Наследник всех своих родных

В провинциальном дачном поселке проводят летние каникулы две сестры, Таня (18 лет) и Оля (16). Они дружат со студентом-химиком Володей (20 лет). Тот приводит в гости своего приятеля Женю (24 года), который поселился рядом. Женя не работает и живет на деньги от сдачи в аренду дачных домов и городских квартир, которые получал в наследство от своих поочередно умиравших бабушек, дядюшек и тетушек.

Таня влюбляется в Женю, пишет ему в ватсапе, посылает свои фото, вызывает на свидание – но он резко отказывается от всякой романтики.

На дне рождения Тани происходит внезапная ссора Володи и Жени. Они выходят, чтобы поговорить по-мужски. Скоро Женя возвращается и заявляет, что Володя убежал от него и куда-то пропал.

Наутро сам Женя уезжает из поселка.

Через несколько дней Таня и Оля находят в лесу труп Володи; следствие пришло к выводу, что это была внезапная остановка сердца.

После смерти родителей городскую квартиру и дачный домик у сестер отбирают ловкие родственники. Оля поступает в полицейское училище, а Таня устраивается домработницей к людям, которые купили дом у Жени.
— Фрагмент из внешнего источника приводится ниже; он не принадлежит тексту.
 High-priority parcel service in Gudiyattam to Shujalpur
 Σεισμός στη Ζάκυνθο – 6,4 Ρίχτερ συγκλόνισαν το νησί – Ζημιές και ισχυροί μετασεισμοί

Делая уборку на чердаке, Таня неожиданно раскрывает тайну гибели Володи и загадку неожиданных смертей Жениных родственников, но никому об этом не говорит.

В доме хозяев Таня знакомится с их гостем, крупным столичным чиновником, который сначала хочет просто переспать с красивой домработницей, но потом, очарованный ее умом и достойным поведением, делает ей предложение.
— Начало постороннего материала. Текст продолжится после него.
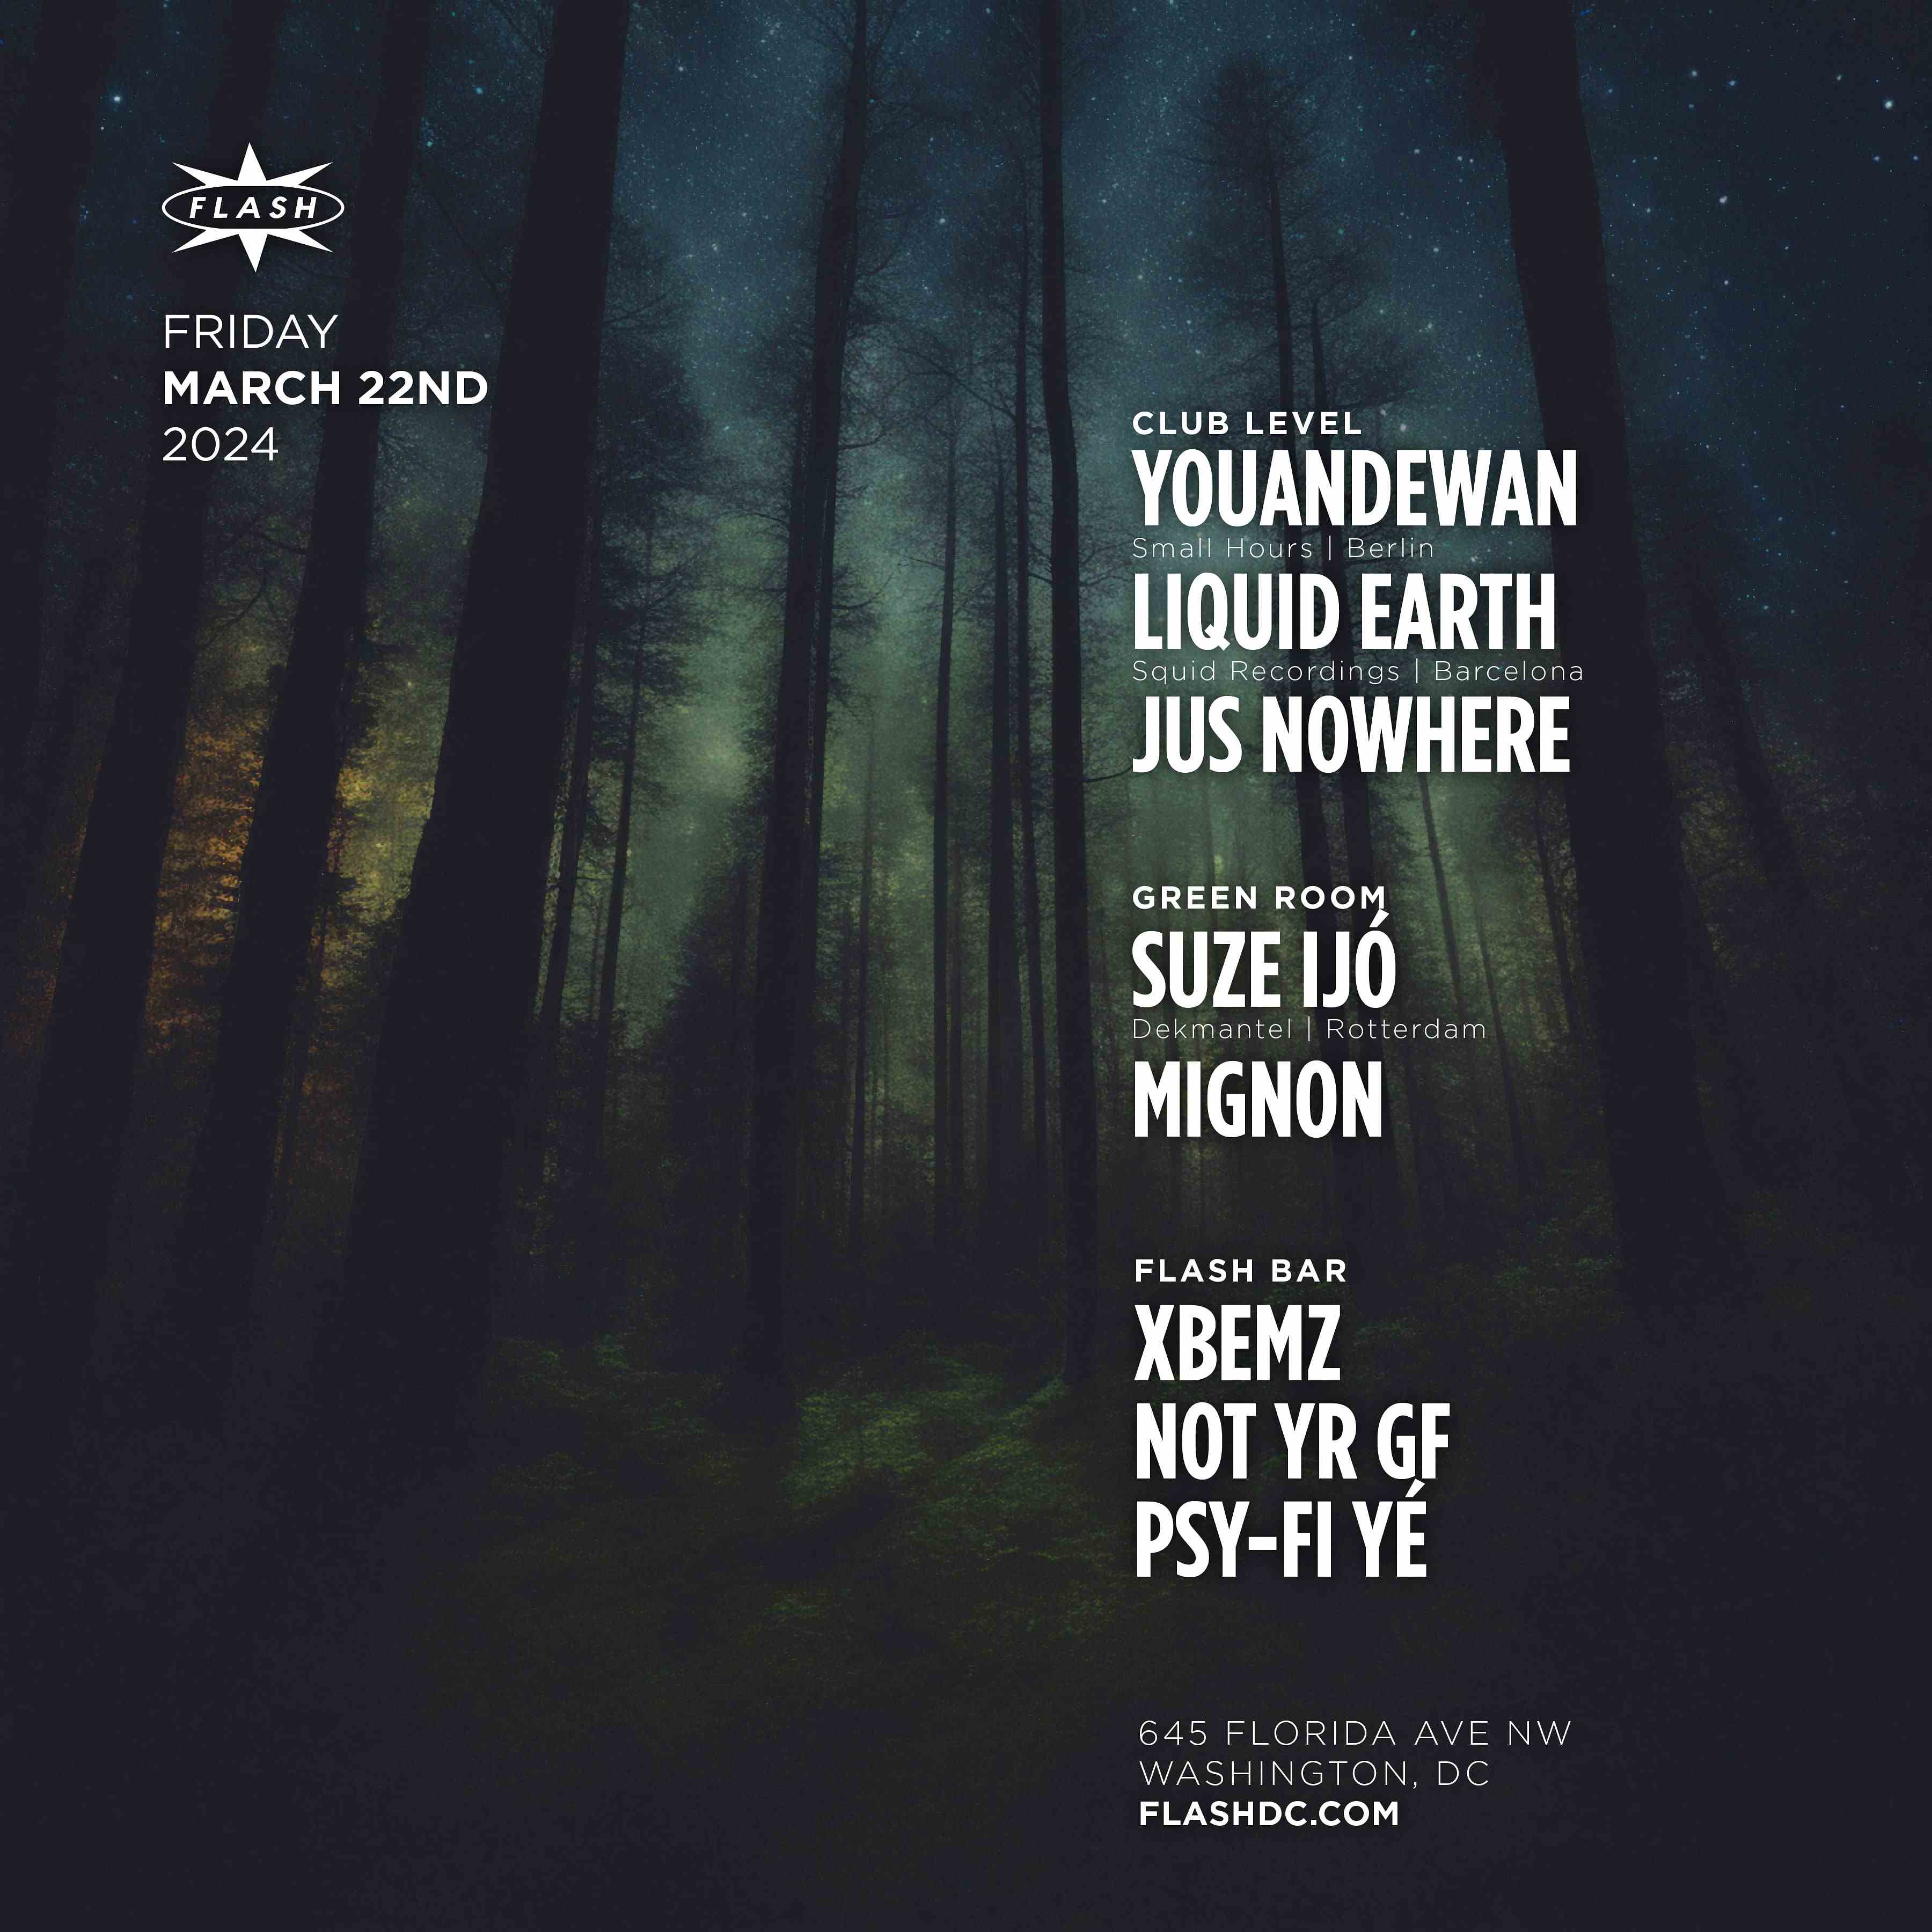 Youandewan - Liquid Earth event flyer

Таня уезжает с мужем в столицу и становится яркой звездой на светском небосклоне.

В поселке вдруг появляется Женя и просит у новых хозяев дома разрешения зайти на чердак. Он обнаруживает, что его тайник вскрыт, а конверт с документами и шкатулка с ядами – исчезли. Хозяева говорят ему, что на чердак никто не заходил, кроме домработницы…

Женя немедленно едет в столицу, чтобы разыскать Таню.

Чем всё закончится?

Сумеет ли Женя ликвидировать свидетельницу своих преступлений?

Спасет ли Таню ее сестра Оля, которая уже стала капитаном полиции?

Кто помогал Жене «получать наследство»? Советник губернатора Флянов или местный олигарх Пустяков?

Обо всем этом – в следующем сезоне!

английский роман

Плен, свобода и любовь

Айлин никогда не любила Сандерса Доулби, но приняла его предложение от тоски, безысходности и родительских упреков. Она влачила свои дни как пленница нелюбимого человека, с которым, впрочем, уже пять лет не делила ложа, но была вынуждена жить в одном доме – пускай и в отдельном крыле.

Это была ужасная, унылая и скучная жизнь женщины, которая полностью зависит от своего мужа.

Каждое утро Айлин вставала в семь утра, принимала холодную ванну, завтракала кусочком сыра на горячем тосте, выпивала полчашки чаю, потом шла одеваться. Долго укладывала свои пышные пепельные волосы, смотрела в зеркало на свое чуть худощавое лицо, заглядывала сама себе в глубокие темные, словно бы искрящиеся глаза, легко вздыхала, потом слегка подкрашивала щеки, шнуровала корсаж, натягивала чулки, надевала платье и туфельки, пудрилась, накидывала пелерину, затягивала ленты шляпы и выходила на прогулку в Кенсуорт-Гарден. Там она заходила во французское кафе, пила горячий шоколад с легким пирожным, к двум часам возвращалась, ела фрукты и усаживалась на диван с книгой. Вечер наступал незаметно. Она обедала в одиночестве, потом либо оставалась дома читать и думать о своей судьбе, либо же – редко, раз в неделю – отправлялась в театр в сопровождении старика Джозефа, своего двоюродного дяди.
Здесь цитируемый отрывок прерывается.